Monday, September 04, 2006

 

Those pigfuckers have gone too far this time

The one on the left is espn, and the one on the right is college football as we knew it.
The vile beast that is espn has alienated an important market segment: me. Ok, so that happened awhile ago, but the fact that one of the biggest college football rivalry games is not on network tv has sent me into a whole other stratosphere of espn-hating. The four letter network (TFLN) is televising the FSU-Miami game on THREE of their networks, but ABC is airing back to back episodes of "Wifeswap" tonight. I don't have cable because I really don't enjoy watching tv (college sports excluded), but I figured I could still get most of the good games on network and go to bars when necessary, particularly for ASU games. In a conversation with my two-time Seminole alum and marketing major girlfriend (who is equally pissed), we figured out where this once noble ship was blown off course.

TFLN was founded by sports lovers in the infancy of cable television. The original crew was taking a risk by working at a fledgling company when no one really knew what kind of success, if any, would occur. These risks were taken because they were doing what they loved- they were watching sports. Even though they are now washed-up caricature versions of their former selves, the passion for sports is still visible in the tenured on-air personalities that are still with the network, Dick Vitale and Chris Berman. That passion has been locked out of the boardroom for years now, and network founder/my fraternity brother William F. Rasmussen is long gone.

TFLN grew beyond anyone's expectations, spawning TFLN2 and acquiring The Classic Sports Network, which was promptly bastardized/Christened as TFLN Classic. Great idea, but now they only show games that originally aired on ABC or TFLN. When TFLN2 began, it announced its presence with Death Star fashion by airing #1 UNC vs. #2 Duke when nobody could even get the deuce because cable companies weren't carrying it yet. In the glory days of sports broadcasting JP/Raycom would have bumped lame sitcoms like Major Dad and aired the game in primetime directly over top of any network programming. Here in the mid-atlantic, that game is treated like state of the union addresses- airing on multple channels, programming be damned.

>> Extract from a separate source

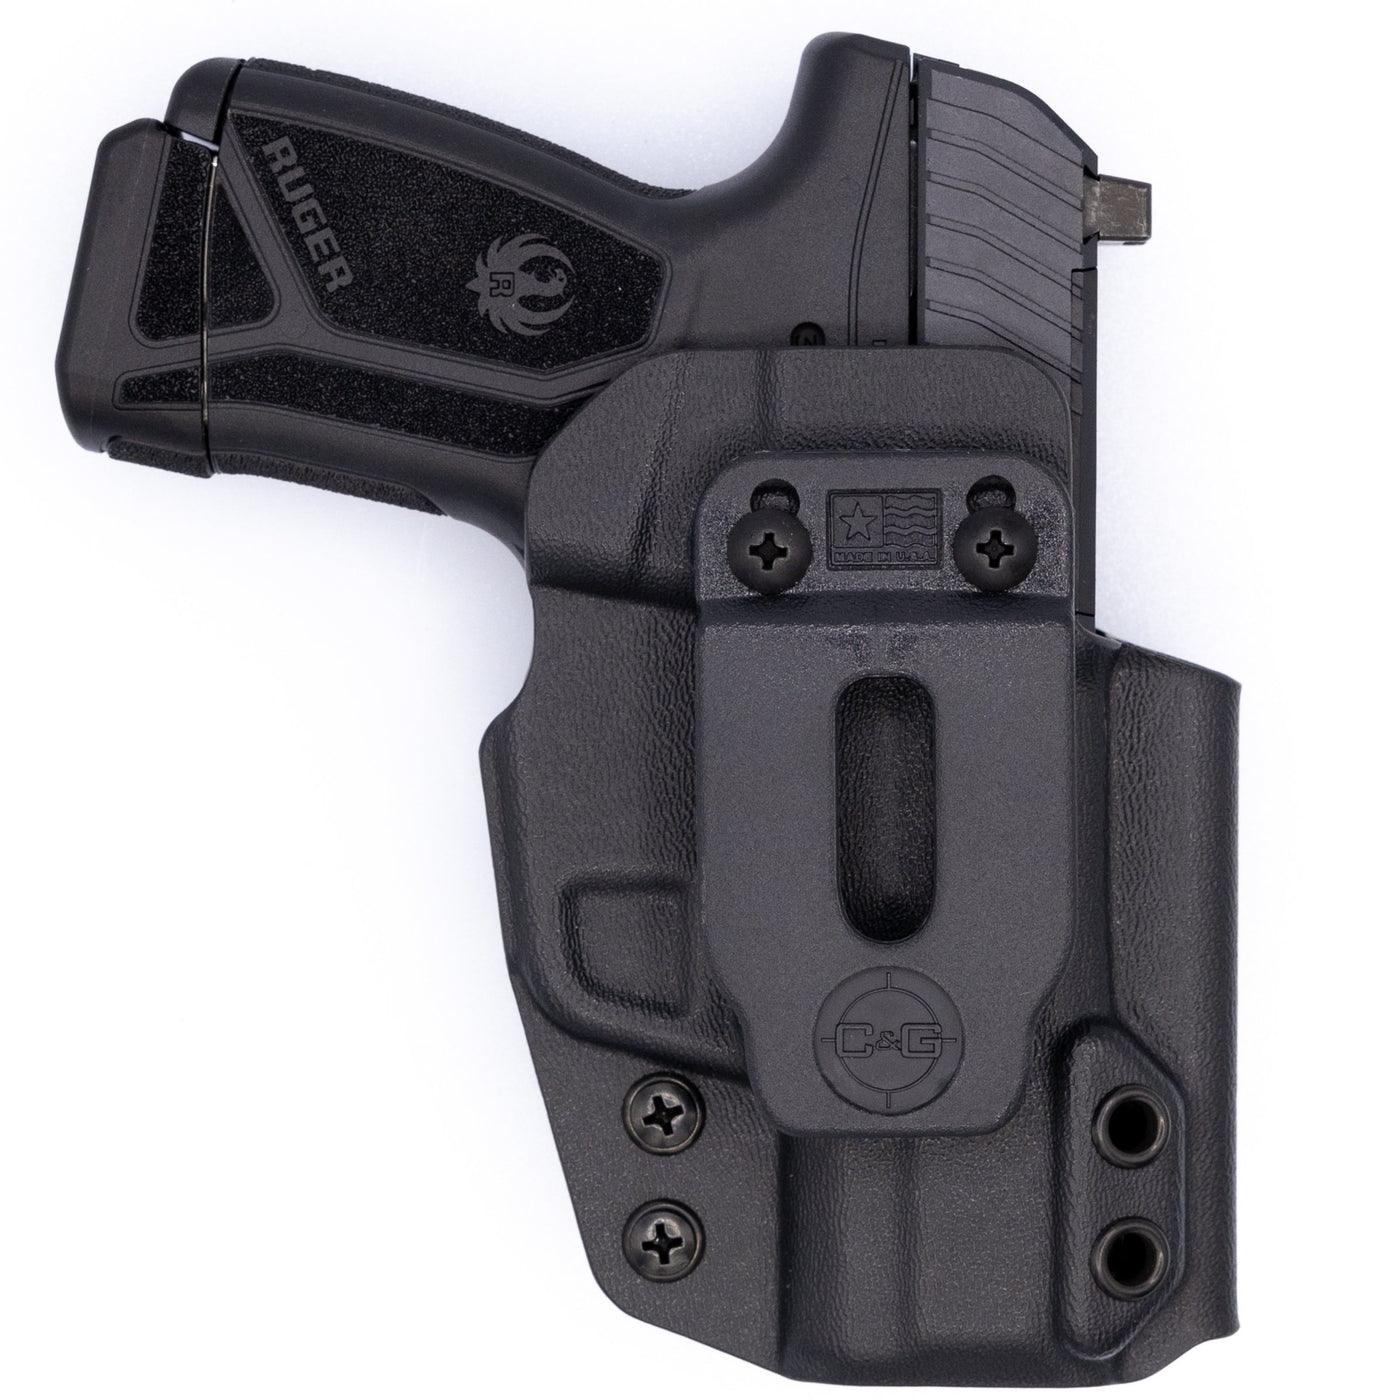 Shown is the custom C&G Holsters IWB inside the waistband Holster for the Ruger MAX-9.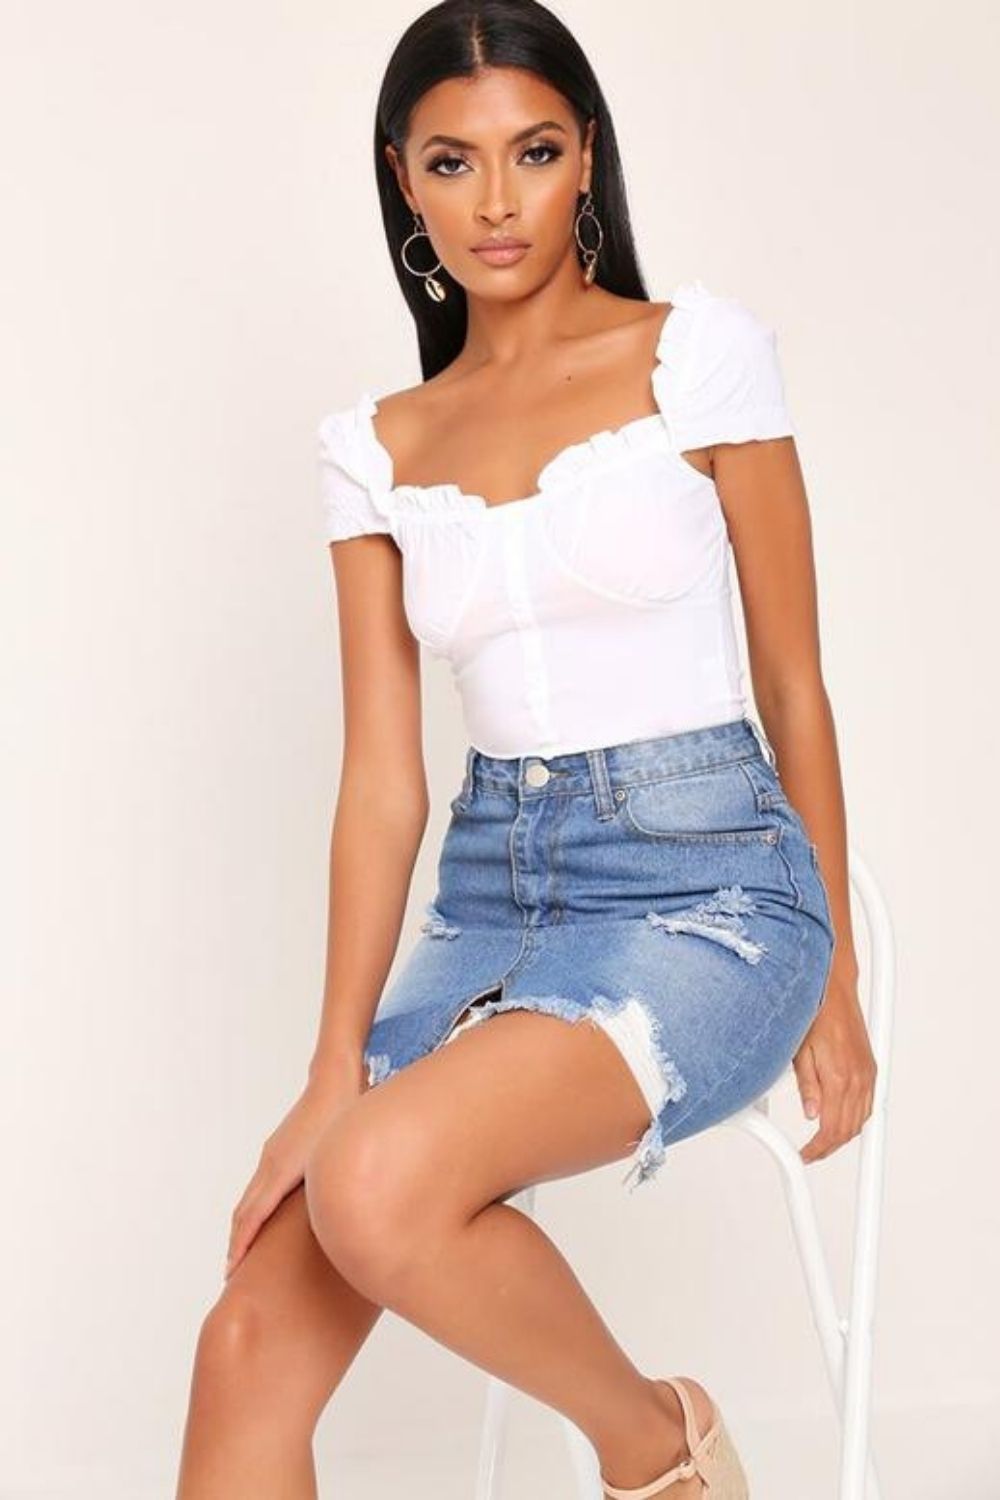 Sweetheart neckline halter neck top – Styched Fashion

TFLN grew at such an alarming rate that they partnered with ABC in the late 1990's and began going after different market segments. It wasn't enough to have every red-blooded American male wrapped around their collective johnson, now they had to go after our women and children, something that (I thought) was strictly forbidden by the Geneva Convention of 1949. They used a battle plan known as Sportstainment!, the brainchild of then TFLN head Mark Shapiro. Rather than show sports, they starting showing shows about sports. You may remember Playmakers, A Season On the Brink, etcetera and their sucktastic qualities. During those dark days, I longed for tape-delayed arena football, ping-pong tournaments, and world's strongest man competitions(Magnus ver Magnusson is the shizznit). By seeking out the other gender, they alienated those of us who got them to where they were. We are the true sports fans, and we are no longer a priority.

When ABC and TFLN merged a few years ago, what were once merely sports became seen as commodities to be bought and sold. A game of this magnitude, especially on a holiday, will get a huge ratings share no matter where it is hosted. Because the game is on cable, you have segmented the market to those who are truly watching the game and alienated those who are simply flipping channels. By having this viewership lock down, each brand becomes more potent, and therefore more valuable to advertisers. Even though the overall number of viewers is lower on TFLN than it would be on ABC, the segment that will watch is more likely to buy cars, insurance, and beer, so the cockgobbling network executives can charge more per brand and therefore make more cash. This is why I will not be watching the FSU-Miami bloodbath in my underwear.

Can it possibly get any worse than it already is? Of course it can. Eventually they're going to go 100% Hi-Def, so you better have a plasma screen or you'll be as out of the loop as I am. The next feat by this rising monopoly will be to contract with conferences and teams, something that is already done to a certain extent (see Michigan). It is gravely important that CBS and NBC retain their respective rights to the SEC and Notre Dame, because if TFLN gets a hold of them we may see an abomination of American rights: college football pay-per-view. The Gameplan package is already bad enough, but at least some of those games are still broadcast in their home market segments without a monumental fee.

For those of you that have cable, HD tv's, and all the other cool stuff that leave you saying "shell out the $75 per month you brokeass," below are a few links that should help you see the light of how bad your viewing evperience has become. Enjoy the game tonight, I hope I can get it on the radio. Somewhere Howard Cossell is giving all of those bastards a big middle finger.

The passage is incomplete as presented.